The Digital Turn and Global History, Exeter-Copenhagen Collaborative Workshop

David Thackeray
University of Exeter

The Centre for Imperial and Global History at the University of Exeter hosted a workshop with colleagues from Hum:Global, the Global Humanities centre at Copenhagen University, this April on the challenges that the development of digital technologies poses for historians of global history. Amongst the key themes that connect our papers is a concern that many digitisation initiatives continue to focus on the history of the nation state and are driven by commercial imperatives. Existing approaches run the risk of reinforcing historical inequalities in access to knowledge between the Global North and South, an issue which has been discussed at length in a recent ‘History Lab’ feature in the American Historical Review. These concerns are becoming more pressing with the rapid advance of AI.

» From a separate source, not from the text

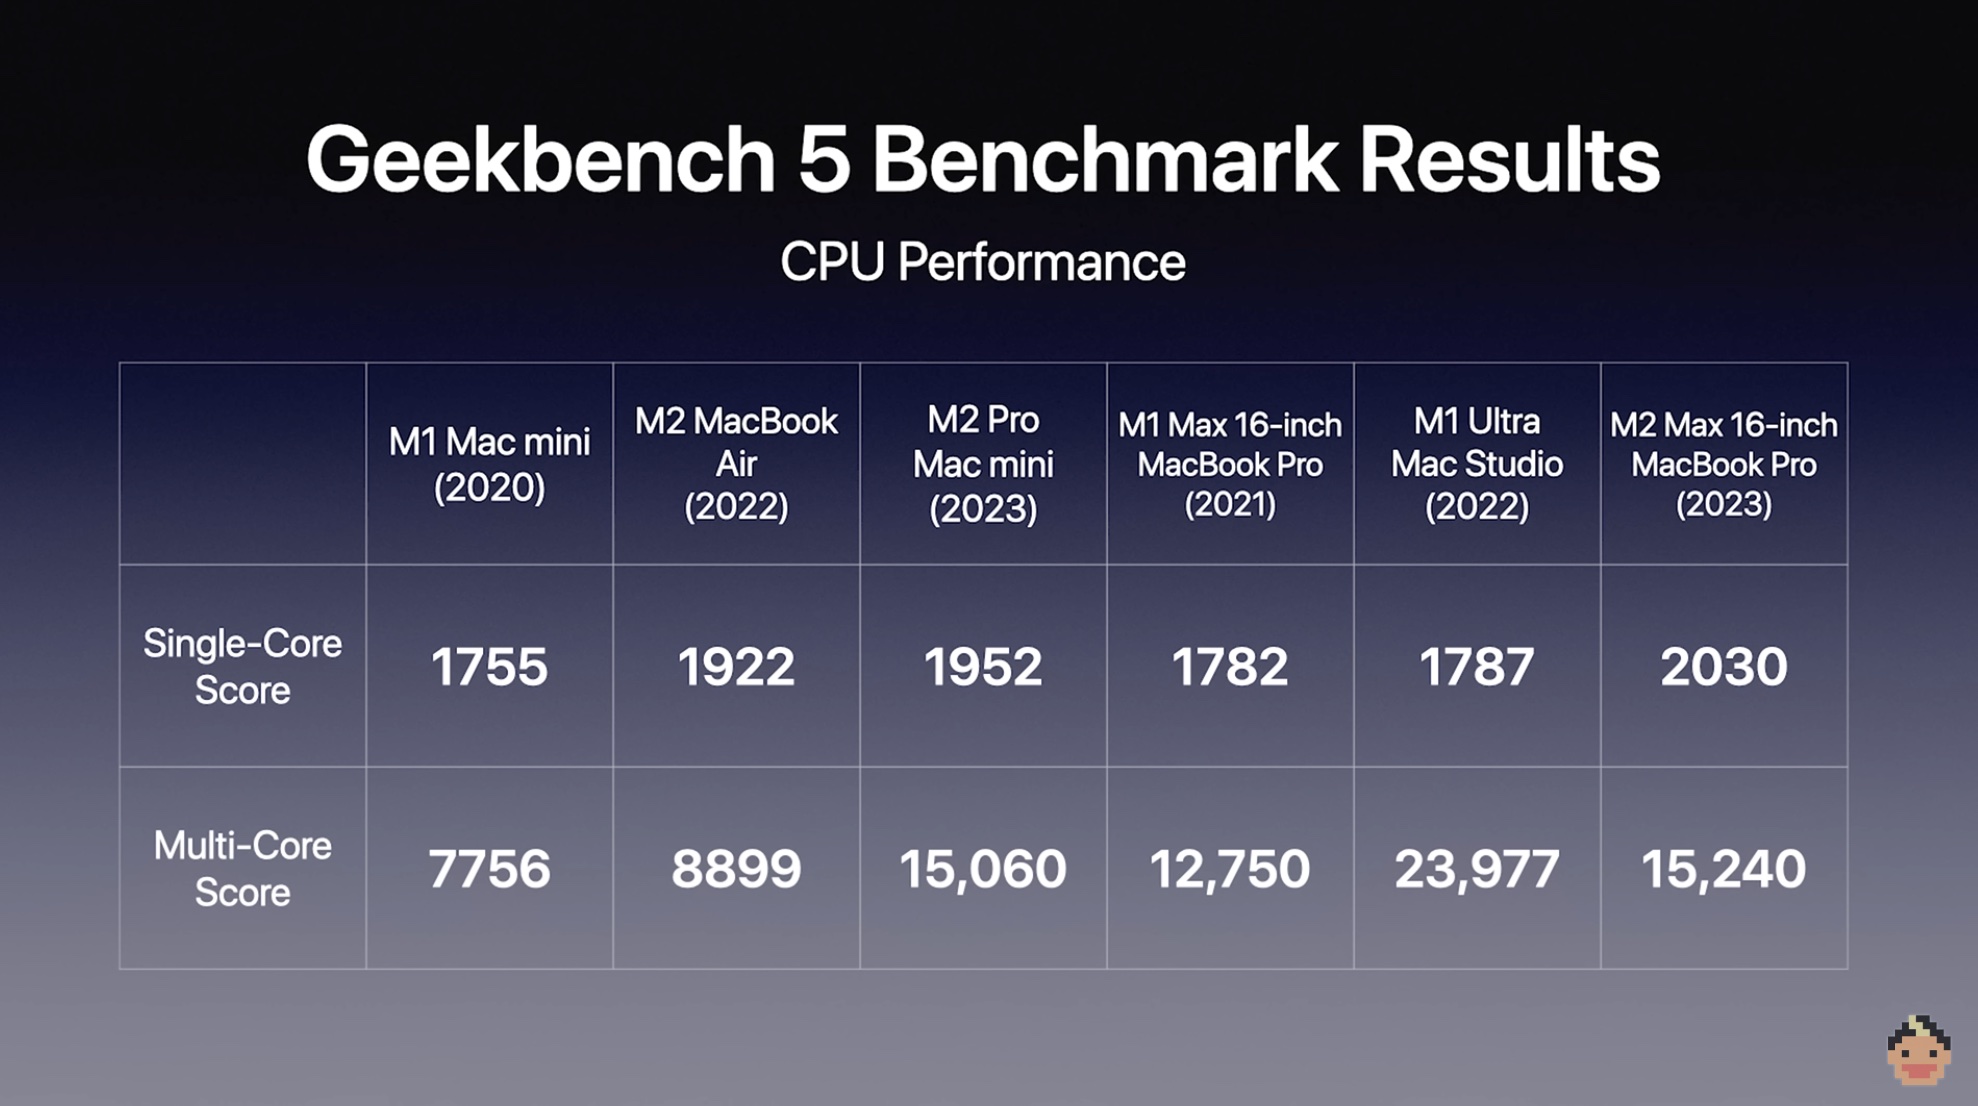 M2 Pro/Max vs M1 Pro/Max: How much faster are the newest Apple Silicon chips?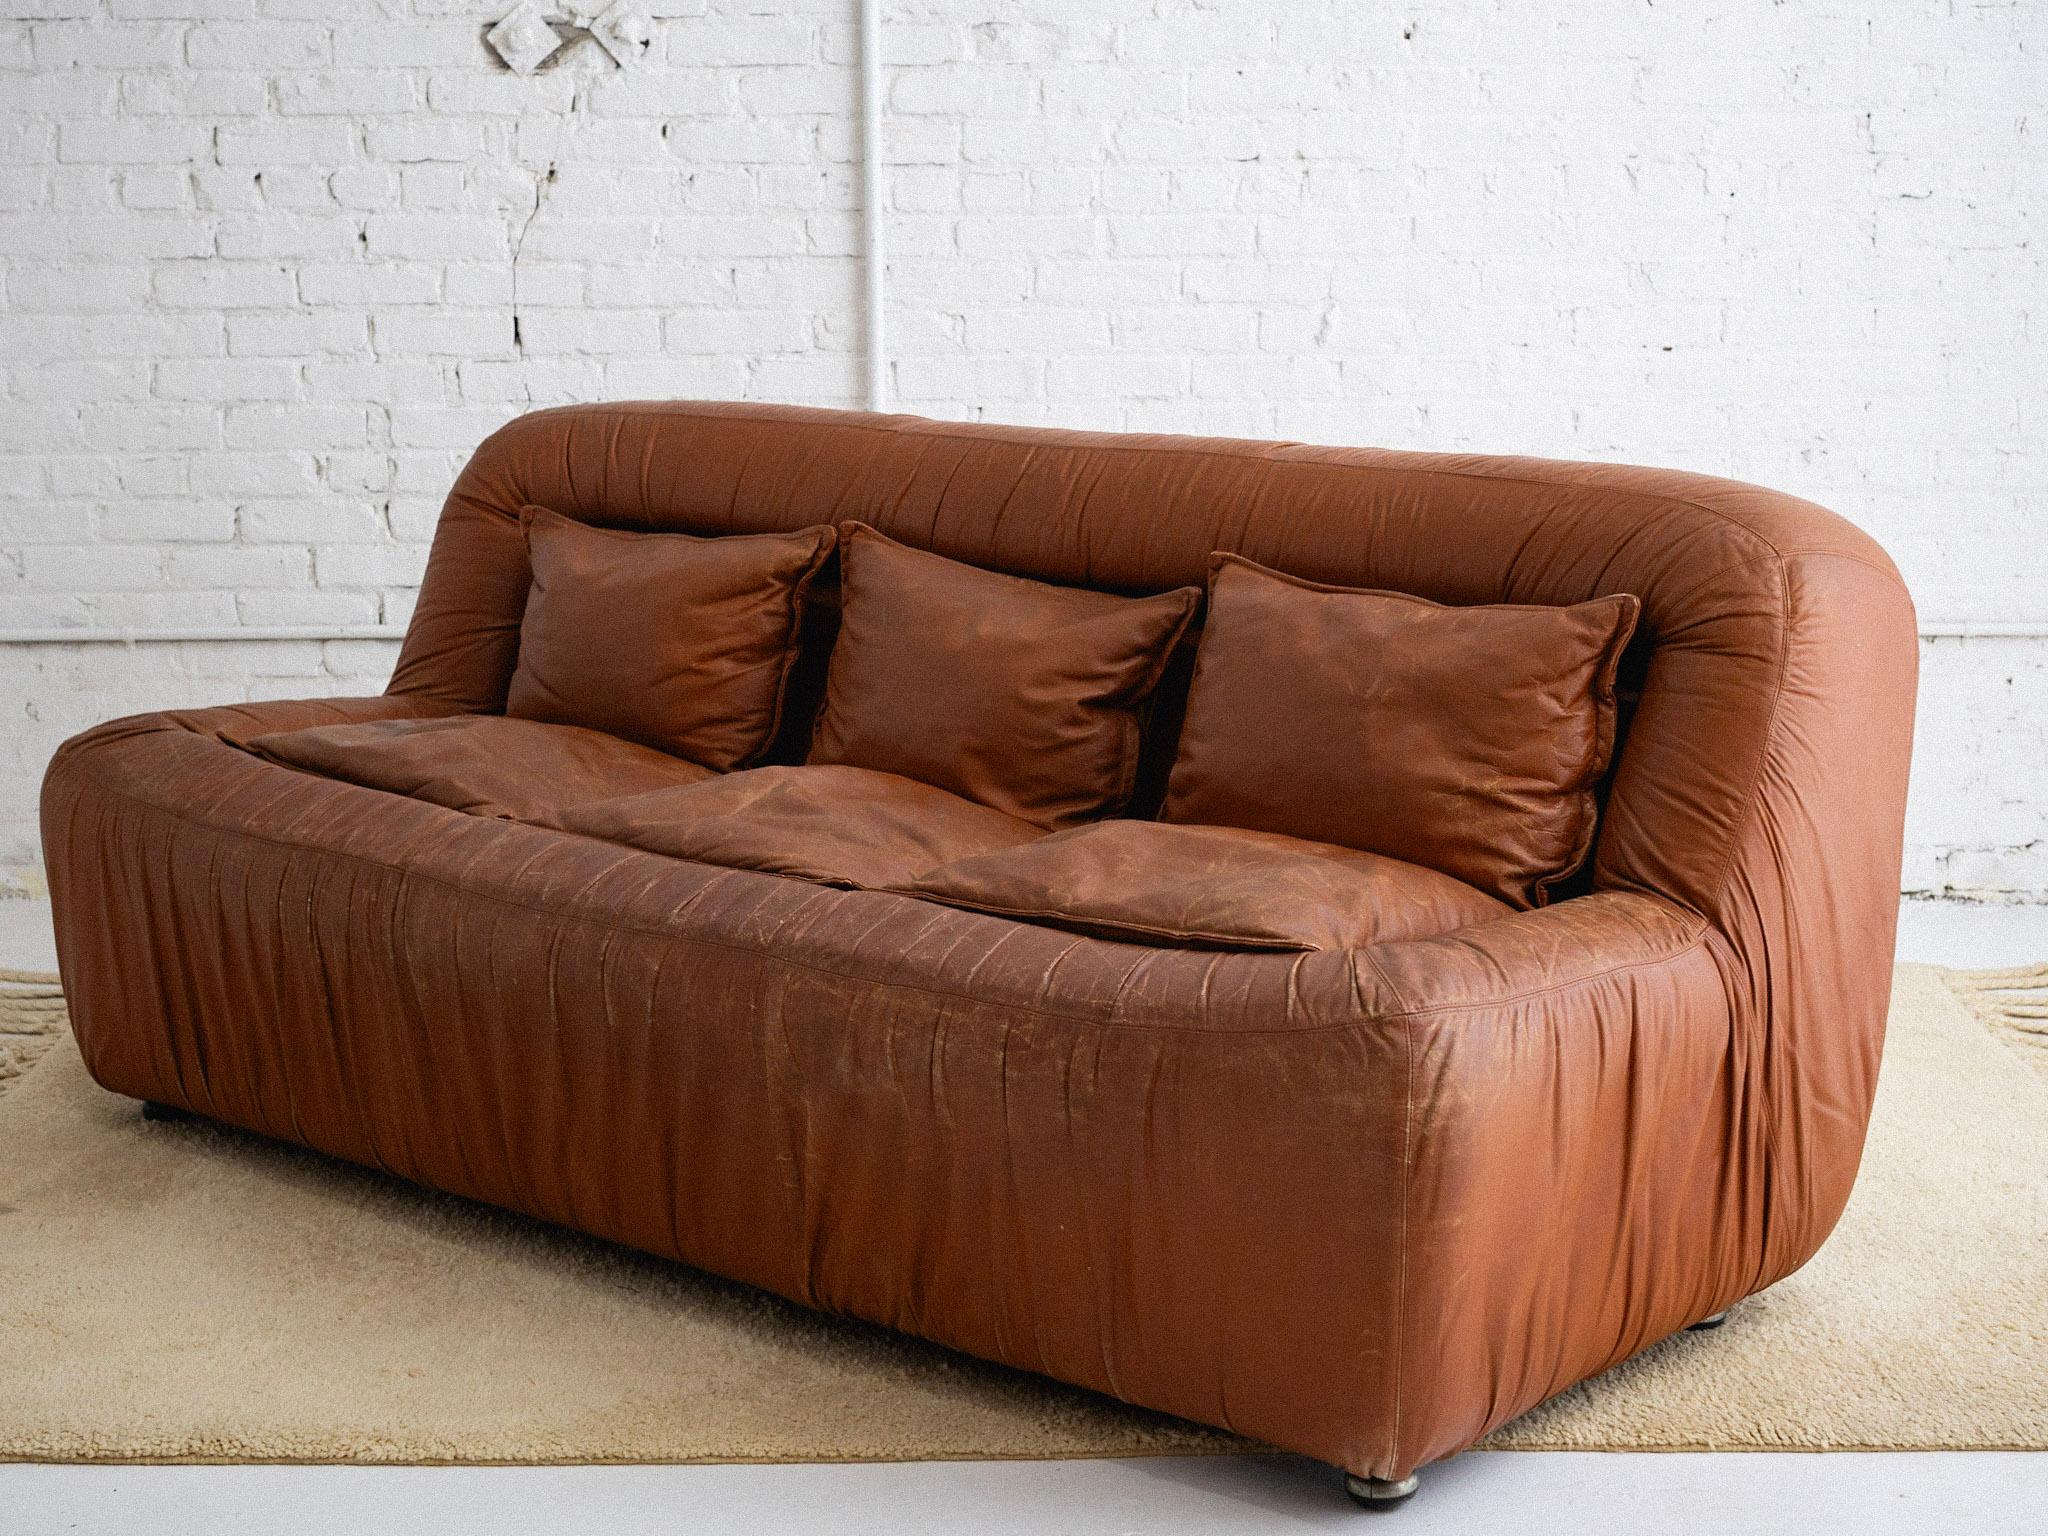 Italian Ruched Leather Sofa in the Style of De Pas, D'Urbino, Lomazzi In Fair Condition For Sale In Brooklyn, NY

Jon Lawrence introduced the Living With Machines project (2018-23), a major collaboration led by the Alan Turing Institute and the British Library. As part of this project, the team have explored new ways of using the British Library’s existing digitised newspapers accessible to researchers in new ways. This involves critically reflecting on the decisions which were made regarding which papers to digitise twenty years ago and developing a more representative view of the nineteenth-century newspaper landscape through the development of an ‘environmental scan’.

Stuart Ward discussed his new project which uses the round-the-world travels of Sir Charles Dilke to consider how global imaginaries were reshaped in the late 1860s. Dilke was a young man when he undertook his circumnavigation, which followed the British empire around the globe, and the project was improvised rather than being meticulously planned. One of the challenges of this project will be to use historical newspapers to better understand Dilke’s mental world. Dilke avidly read the local press during his travels to consider how the connections between the different places he visited were being transformed by rapid advances in communications.

Richard Toye focused on methodological challenges and the need for a ‘history of digital history’. His paper considered the opportunities that AI may offer for reshaping the ways in which we search databases but also the likely limitations to its ability to replace existing forms of specialised archival knowledge.

Gunvor Simonsen outlined the ERC In the Same Sea project (2020-25), which she leads. In the Same Sea uses digital tools to explore the connections between Caribbean territories under different sovereignties from the seventeenth to the nineteenth centuries. Prof. Simonsen considered the challenges with using existing forms of databases and the difficulties of reading lives across empires. There is an uneven distribution of digitised Caribbean newspapers available across the islands, in part as a result of the decisions of different national repositories. When exploring the travels of fugitive enslaved people across the Caribbean, some national databases are more effective at identifying individuals than others.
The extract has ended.